As you’ll have noted from our coverage, as far as startup land is concerned, AI is hot, hot, hot.
Meanwhile, the lean methodology — think of a hypothesis, test it, iterate on it — has been canon for entrepreneurs and founders the world over for the past decade. But AI will most likely play a role in building startups faster, cheaper and more efficiently. So I asked the man who invented the concept of the lean startup, Steve Blank, to see what he thinks.
AI might not have started with ChatGPT, but the ability for the general public to interact with generative AI on a wide scale did. But even still, Blank says we’re collectively underestimating the potential of generative AI.
“I’m surprised no one has done a parody of actually reviewing a three-month-old baby,” Blank said, “and saying all it does is poop in its pants, and it can’t even finish complete sentences, rather than going, ‘Holy shit! This is like the first week of this thing’s life!’ and we really don’t realize it.”
And, just like a three-month-old, nobody can fully predict what ChatGPT has in store for us next. “Copilot has changed the life of every programmer, period, who writes software,” Blank said. “It’s probably increased productivity by 50%, and that’s if you’re using it poorly. That’s a mind-blower.”
Blank highlights how AI-assisted research has made leaps of progress in the form of AlphaFold, a project that is trying to translate proteins into their three-dimensional structures, which can help us understand processes in the body, including aging. AI, obviously, goes far beyond, and we’ve only just started to see the tremendous evolution that will span all sciences.
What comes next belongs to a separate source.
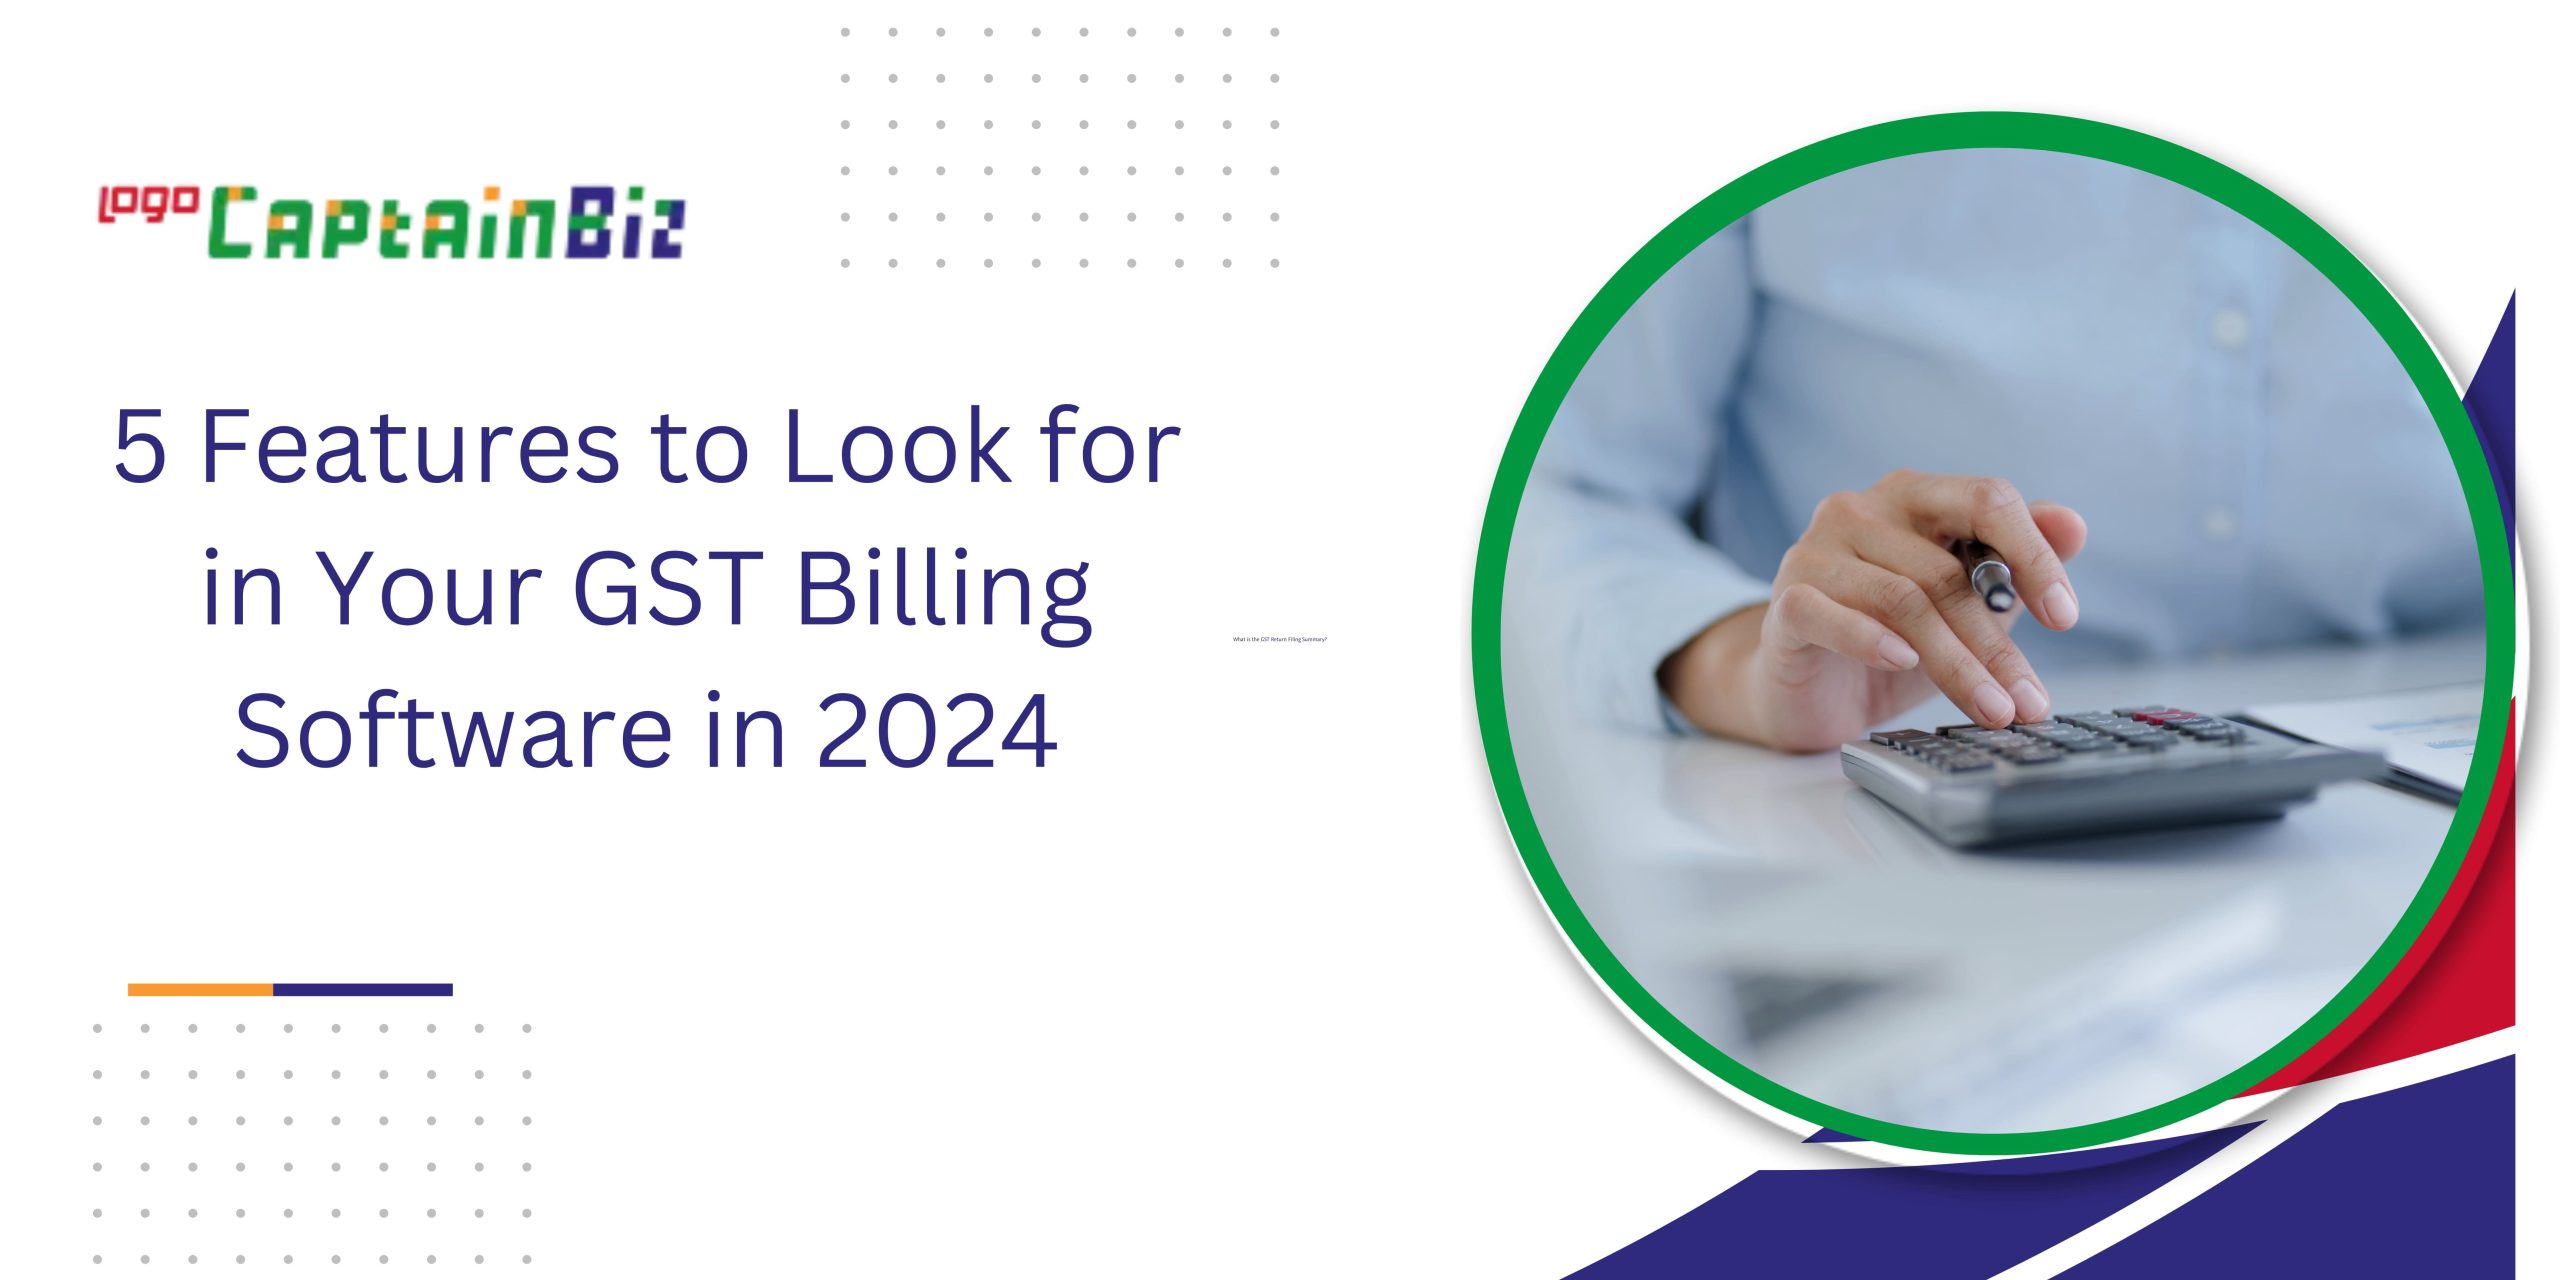 CaptainBiz: 5 Features to Look for in Your GST Billing Software in 2024

Blank might be on to something: Just last week, researchers at University College, London and Moorfields Eye Hospital in the U.K. identified markers for Parkinson’s disease in eye scans using AI.
That kind of diagnosis might’ve taken years without the help of AI.
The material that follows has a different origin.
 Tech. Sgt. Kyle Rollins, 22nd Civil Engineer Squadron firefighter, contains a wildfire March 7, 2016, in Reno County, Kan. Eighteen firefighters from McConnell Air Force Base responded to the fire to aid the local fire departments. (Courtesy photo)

Blank is wide-eyed about where it can yet go, considering how much money is being thrown at AI projects without much VC scrutiny. And to him, the concept of the “lean startup” is about to change forever. “I just think it’s going to be an amazing ride,” he said. “Part of the amazing ride, let’s go back to the VC part, is that the dumb money is just poured into it. Think about it: There’s probably 10,000 experiments being run with capital. It’s not 10,000 experiments being run in your basement; there’s a ton of stuff that’s been thrown against the wall to see if any bit sticks.”